#### Work order:
Please print the entries below exactly, from the line with "Winter School Holidays at Hudson Hotel" through the line with "2023年18周-贵州省农产品批发市场价格监测周报-定_01", including both of those lines and leaving out all others.

#### Task material:
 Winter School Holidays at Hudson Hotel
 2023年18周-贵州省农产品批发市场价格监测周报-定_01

* * *

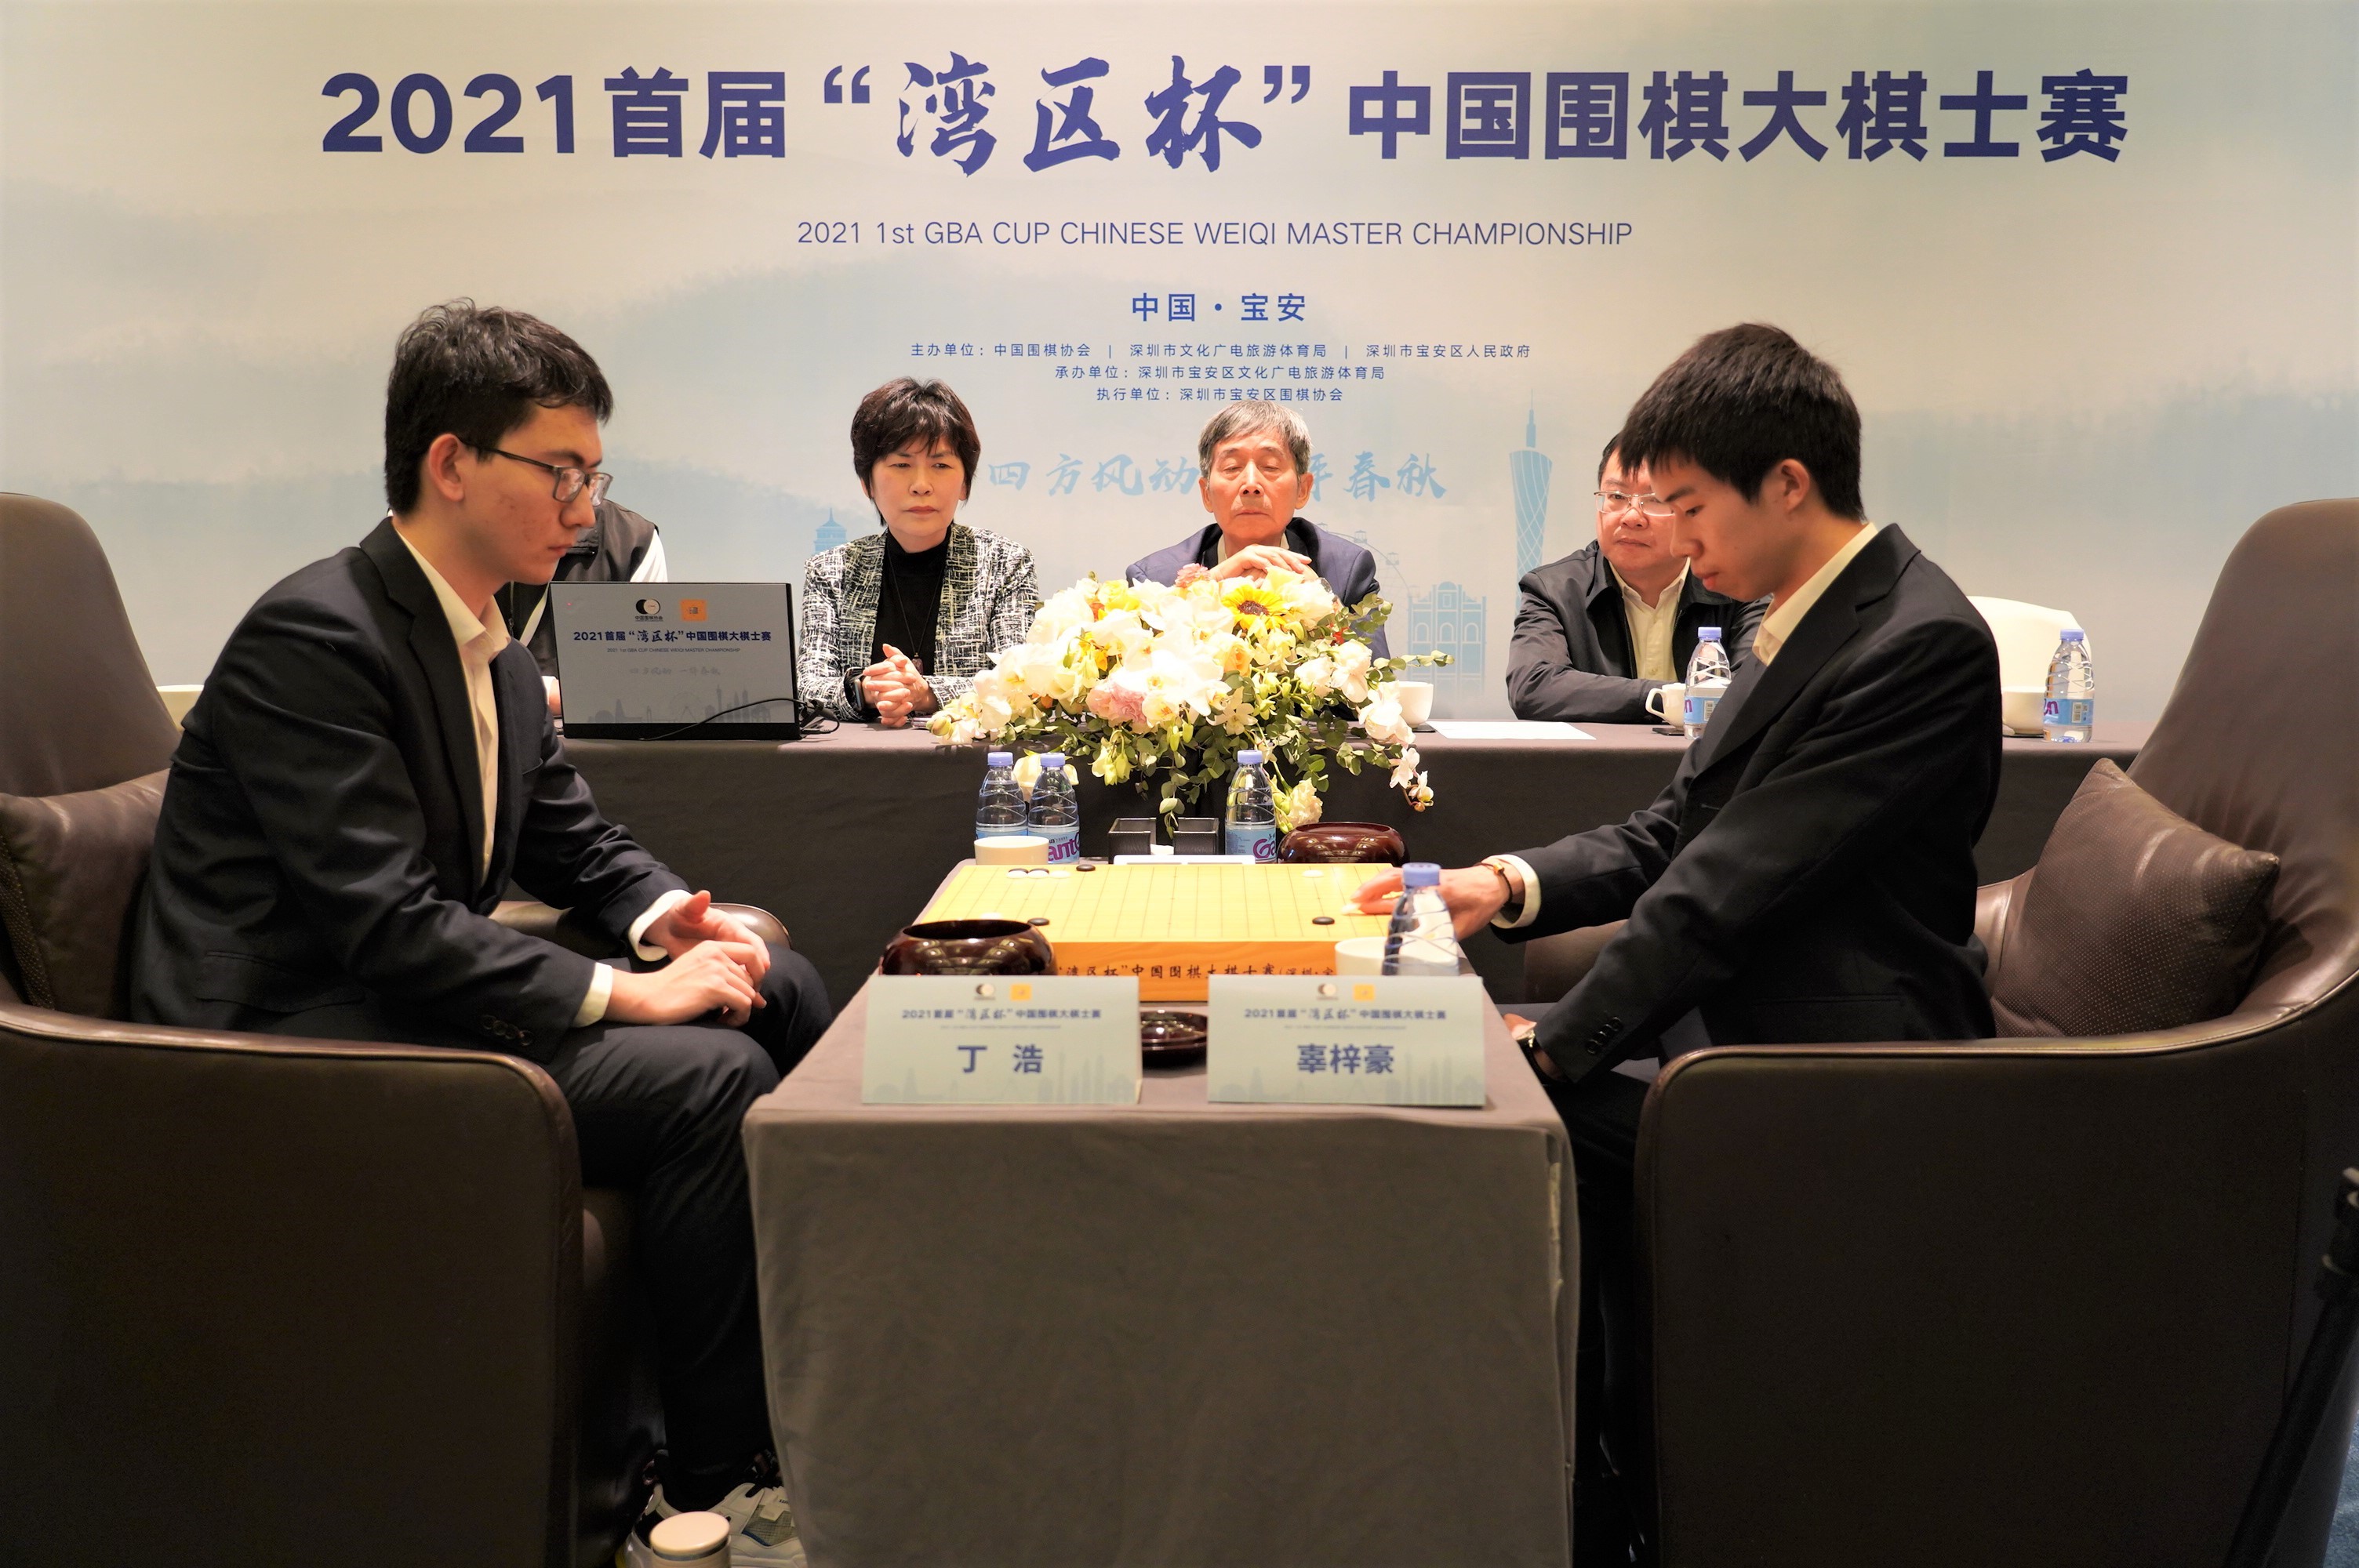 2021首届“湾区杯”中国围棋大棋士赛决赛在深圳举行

#### Your solution:
 Winter School Holidays at Hudson Hotel
 2023年18周-贵州省农产品批发市场价格监测周报-定_01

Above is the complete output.